Measured, not promised
Every row is a real public dataset, accepted only after the encoder's gate confirmed a byte-exact reconstruction. “AT-1 ratio” is times-smaller vs raw; the last column is the margin over the format that industry actually uses today.
| Data type | AT-1 ratio | vs the format you use today |
|---|---|---|
Server logs Apache access · SSH auth · HDFS | 19–37× | 1.1–1.4× smaller than xz-9 |
Genomics 1000-Genomes VCF, chr22 | 209× | 2.48× smaller than native BCF (2.95× vs .vcf.gz) |
Telemetry / IoT UCI smart-meter power | 22× | 1.9× smaller than xz-9 · ~3× vs Parquet-zstd |
Neurophysiology / EEG PhysioNet CHB-MIT scalp EEG | 5.1× | 1.6× smaller than xz-9, lossless |
Financial ticksQUERYABLE Binance BTCUSDT aggTrades | 18.7× | ~3× smaller than Parquet-zstd · 54× less query I/O |
Event JSON / NDJSON GitHub Archive events | 21× | 1.15× smaller than xz-9 |
Database exportsQUERYABLE Mongo / Elasticsearch NDJSON | ~28× | ~2× smaller than xz-9, and queryable |
Lakehouse tabularQUERYABLE NYC-taxi, Parquet round-trip | −27% | smaller than Parquet-zstd, still block-addressable |
Map / geo OpenStreetMap, Luxembourg | 14× | 1.32× smaller than PBF, 1.47× vs xz |
Every row is reproduced from a real public dataset, and every codec reports a byte-for-byte lossless check — we cite no result that isn't verified lossless.
Where we lose — and what we don't claim
Every compression vendor publishes the wins. We publish the losses too, because the advantage is the capability (query + byte-exact) and the economics, not a ratio number that changes quarter to quarter. Here is exactly where AT-1 is the wrong tool.
Decode speed is xz-class
The decoder is fast enough for archival reads, not for hot paths — ~2.2× xz and ~12× zstd in CPU/byte. AT-1 is a cold / archival tier, not your hot storage.
Already-compressed media
JPEG, H.264, and other entropy-saturated media gain ~nothing from any compressor, AT-1 included. We don't pretend otherwise.

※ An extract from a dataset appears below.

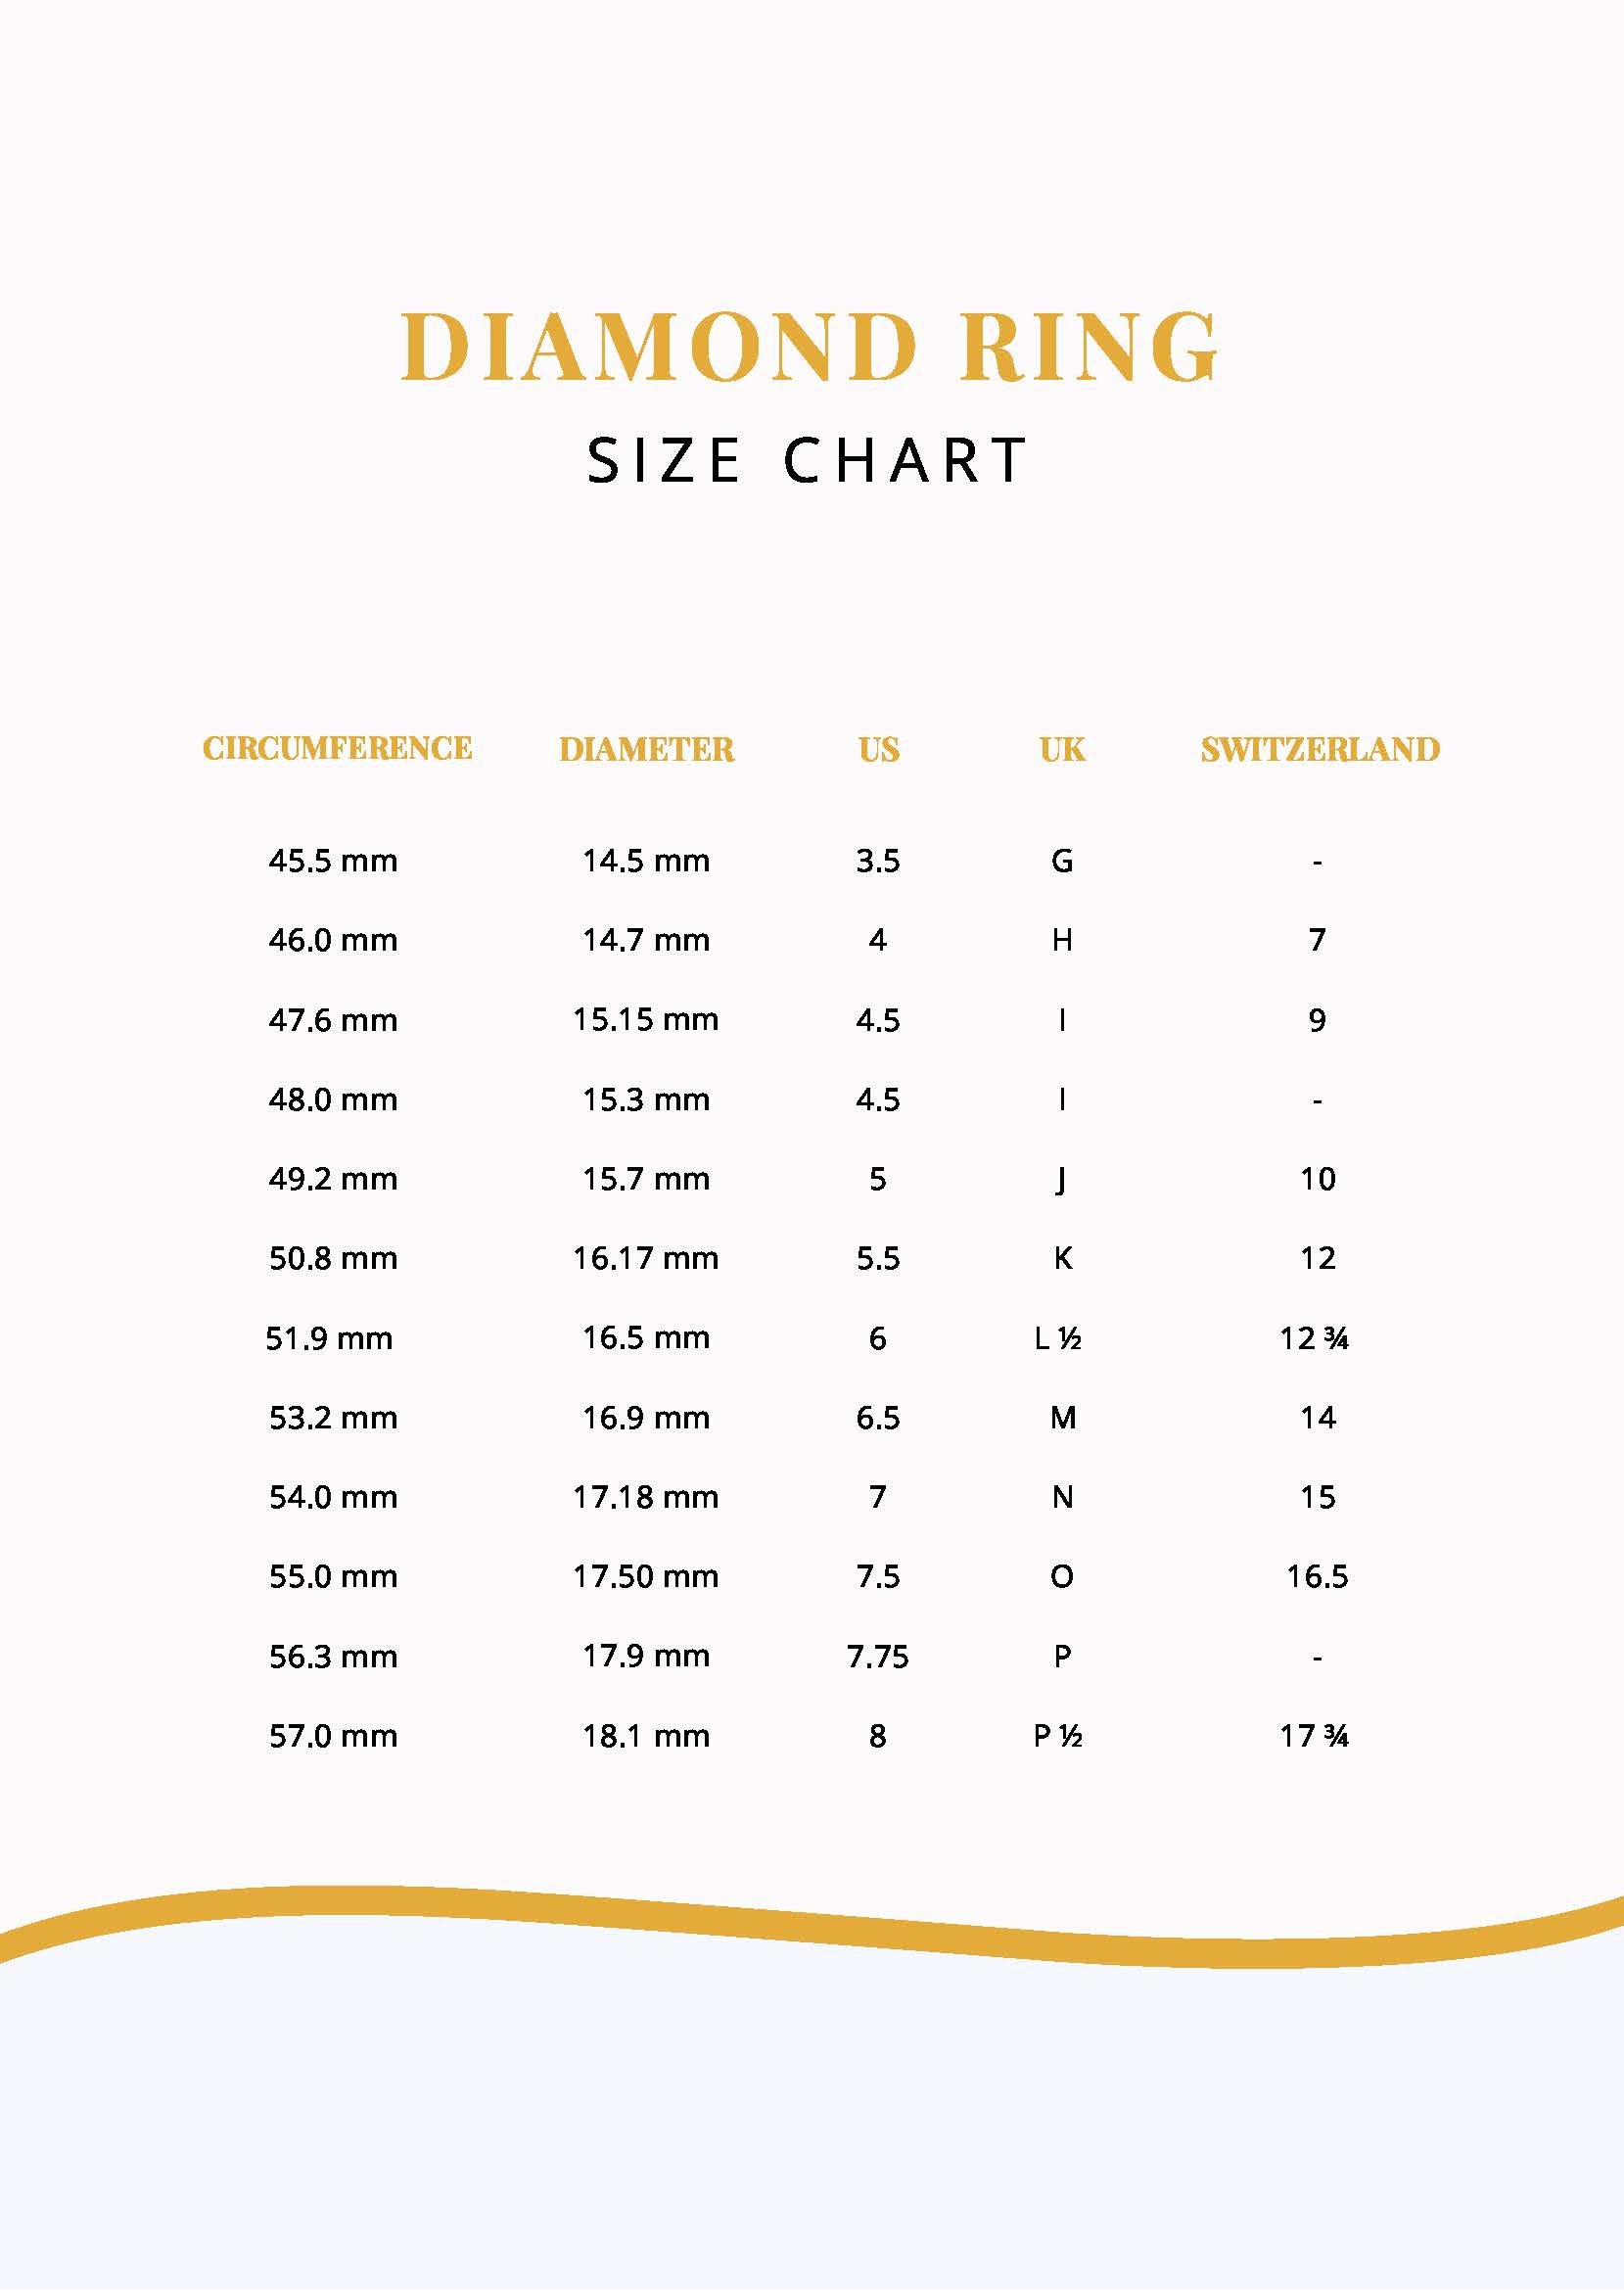 Diamond Ring Size Chart in PDF

Monochrome DICOM under JPEG-LS
On monochrome pixel data already under JPEG 2000 / JPEG-LS, the image-domain codec wins. AT-1's imaging win is uncompressed / RLE / color DICOM only.
Numeric-heavy tabular
On dense numeric SMART/sensor columns, a trained OpenZL graph edges us ~1.06× — at the cost of minutes of per-format training. We're zero-config.
High-entropy network data
On NetFlow and Zeek conn logs, the data is near its entropy floor; AT-1 ties xz and the non-inferiority fallback correctly kicks in. No structural win to claim.
“Best ratio everywhere”
Ratio leadership is contested and unprovable, so we never claim it. We claim only what the verification gate measured on real data, per domain.
Reproduce any number on this page — every codec prints LOSSLESS (byte-for-byte): True/False and we cite no result that prints False. Sources: comparison.html, VALIDATION_RESULTS.md, BENCHMARKS_OPENZL_AND_SPEED.md.